[INFORMATION SUPPLIED]

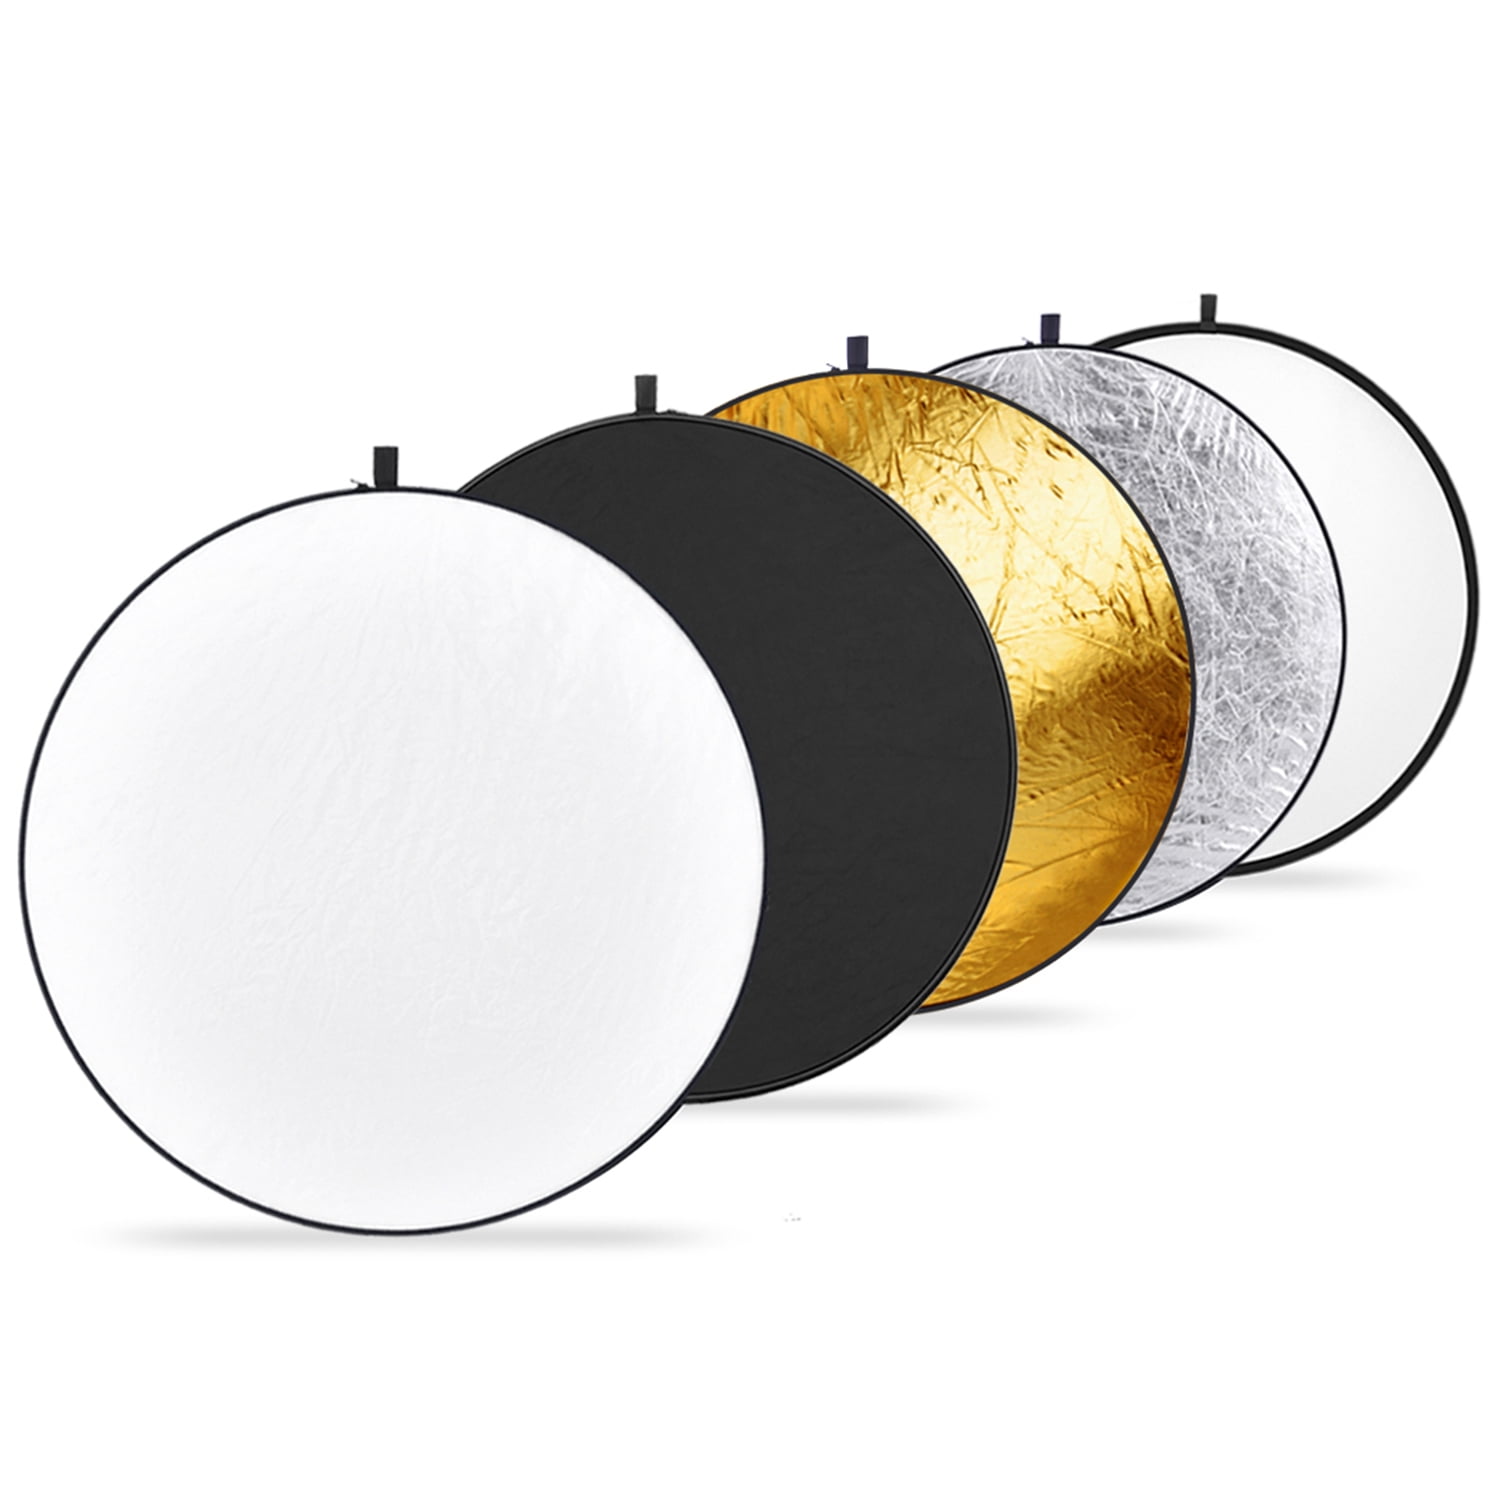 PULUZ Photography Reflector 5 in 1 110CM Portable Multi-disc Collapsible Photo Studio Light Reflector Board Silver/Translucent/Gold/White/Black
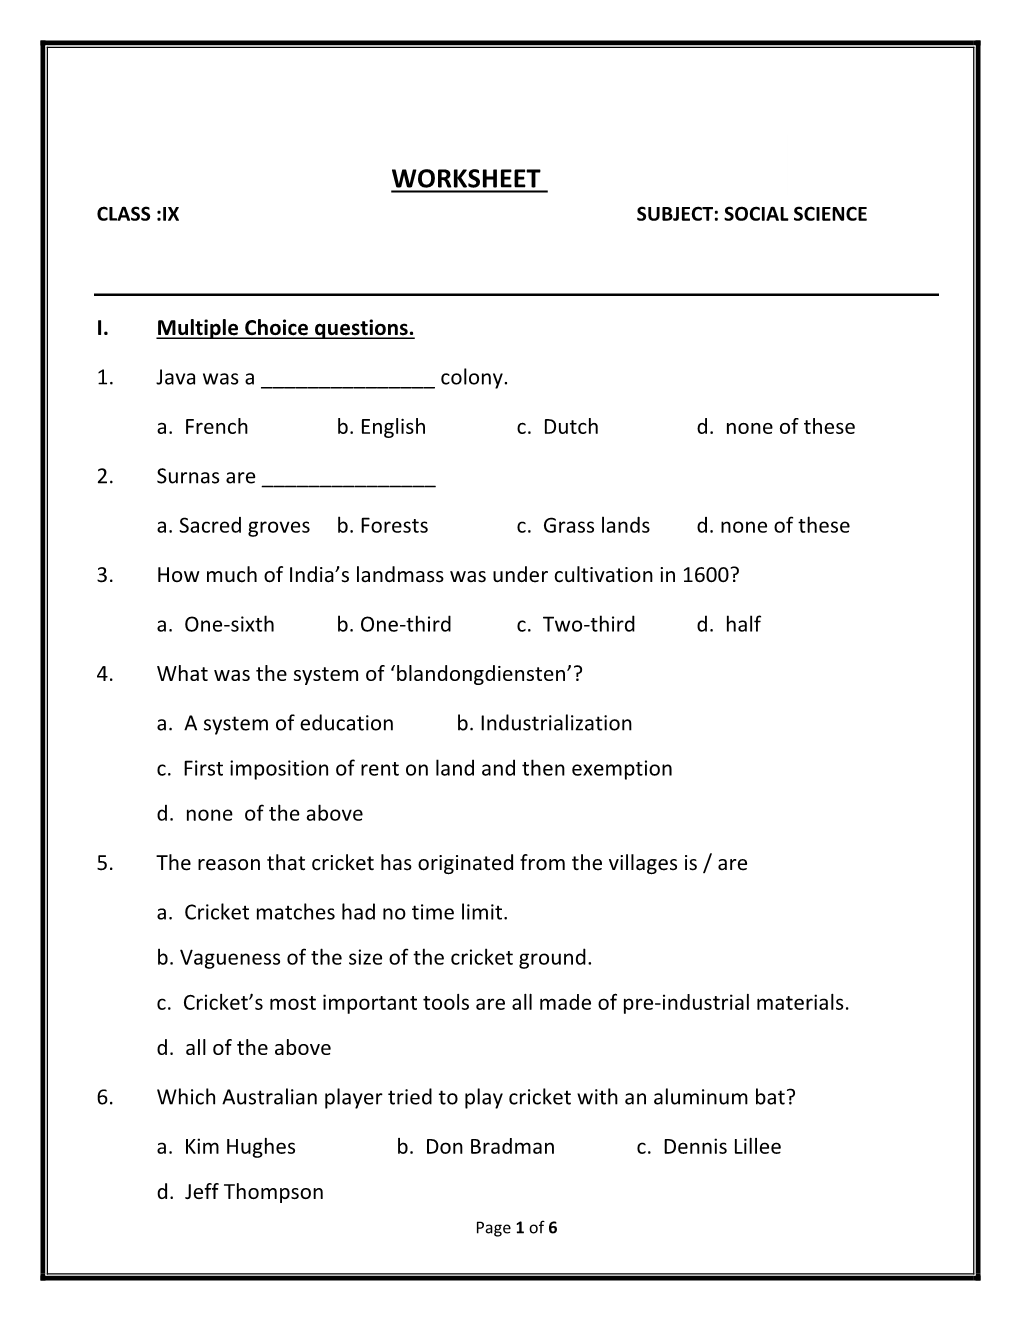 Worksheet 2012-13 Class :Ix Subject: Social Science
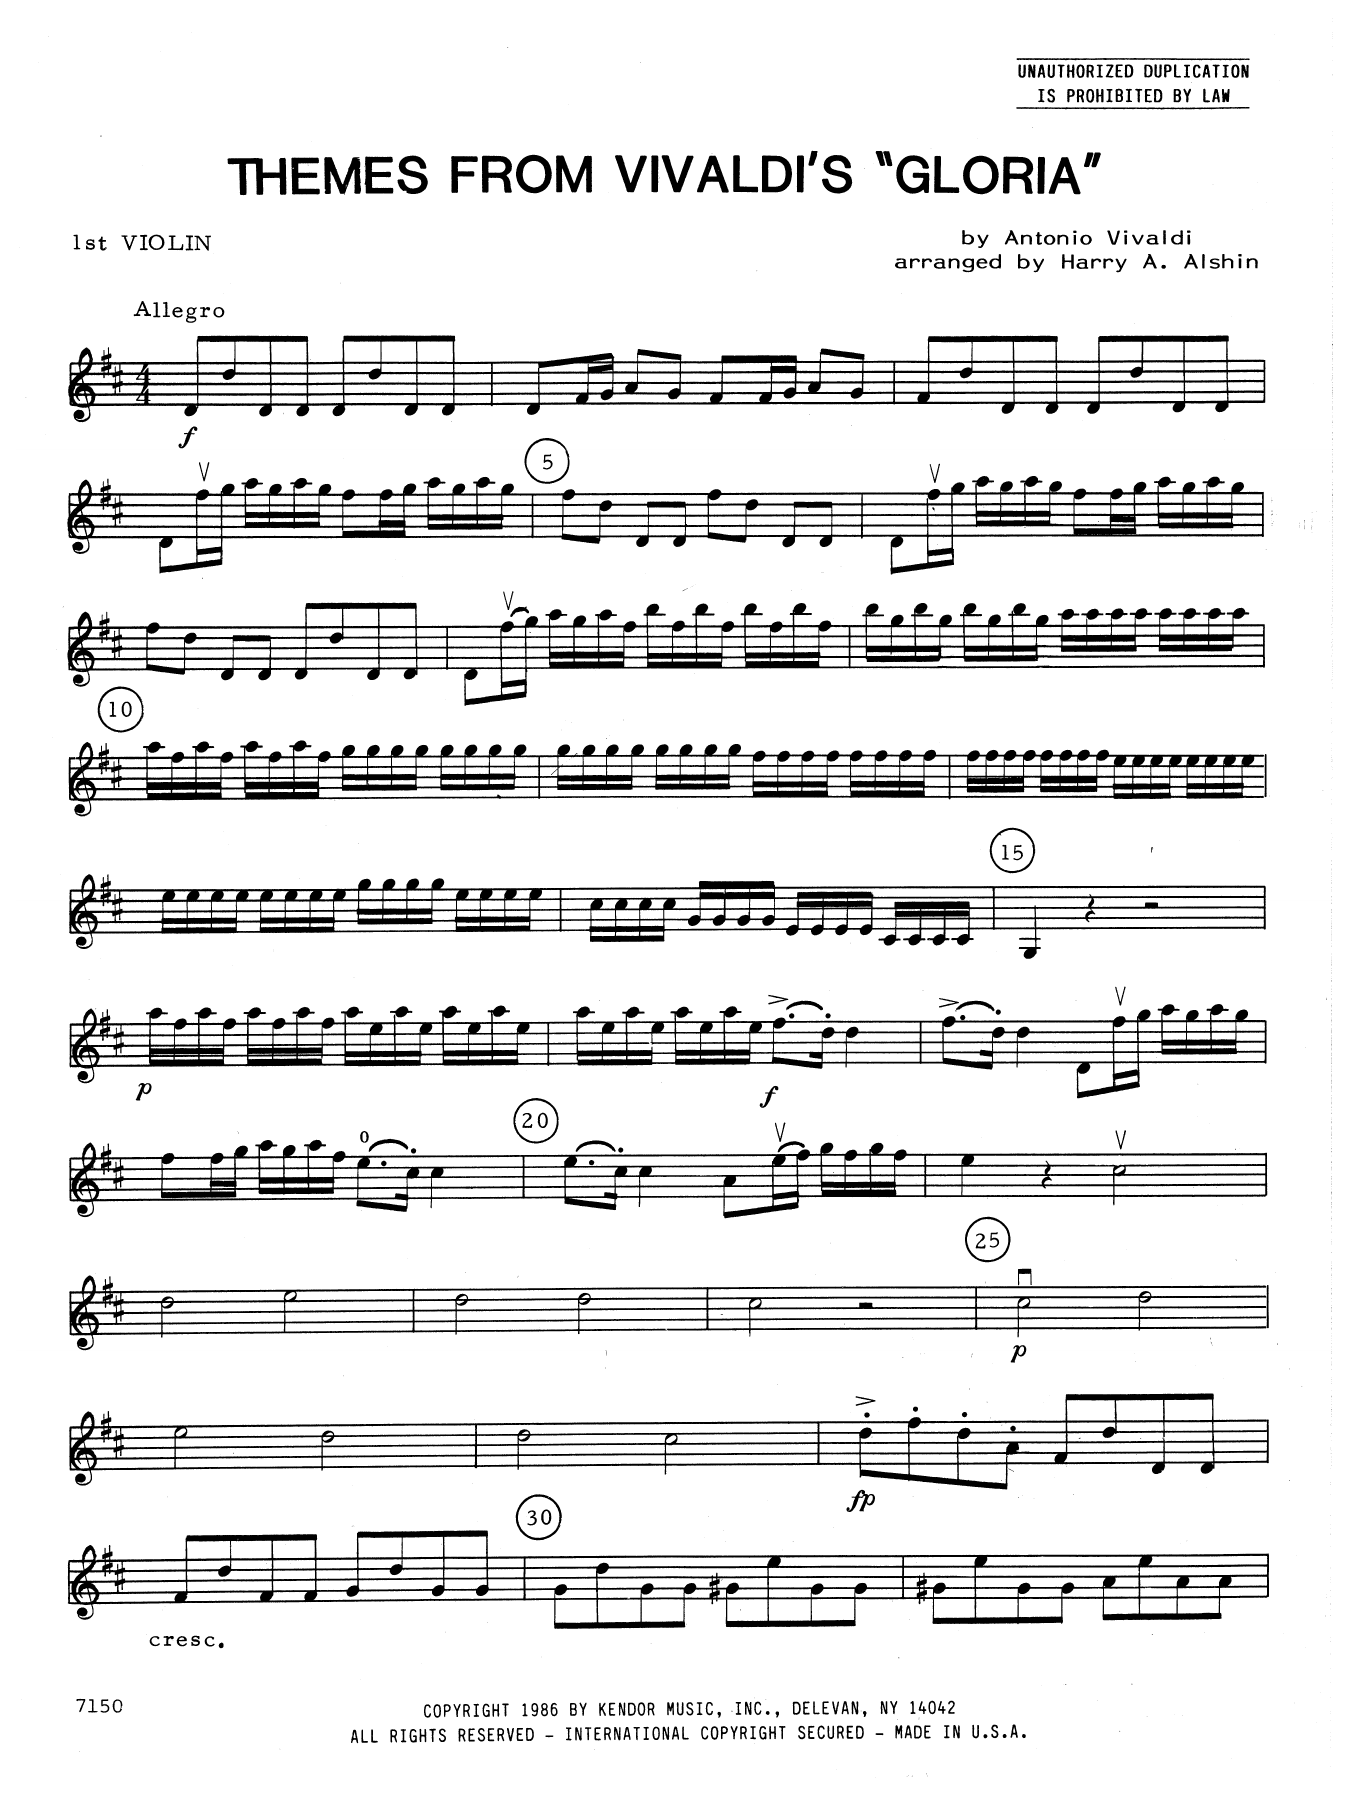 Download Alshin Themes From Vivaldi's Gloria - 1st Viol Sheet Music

[TRY IT]
Output the lines above verbatim, images excluded.

[TASK RESULT]
 PULUZ Photography Reflector 5 in 1 110CM Portable Multi-disc Collapsible Photo Studio Light Reflector Board Silver/Translucent/Gold/White/Black
 Worksheet 2012-13 Class :Ix Subject: Social Science
 Download Alshin Themes From Vivaldi's Gloria - 1st Viol Sheet Music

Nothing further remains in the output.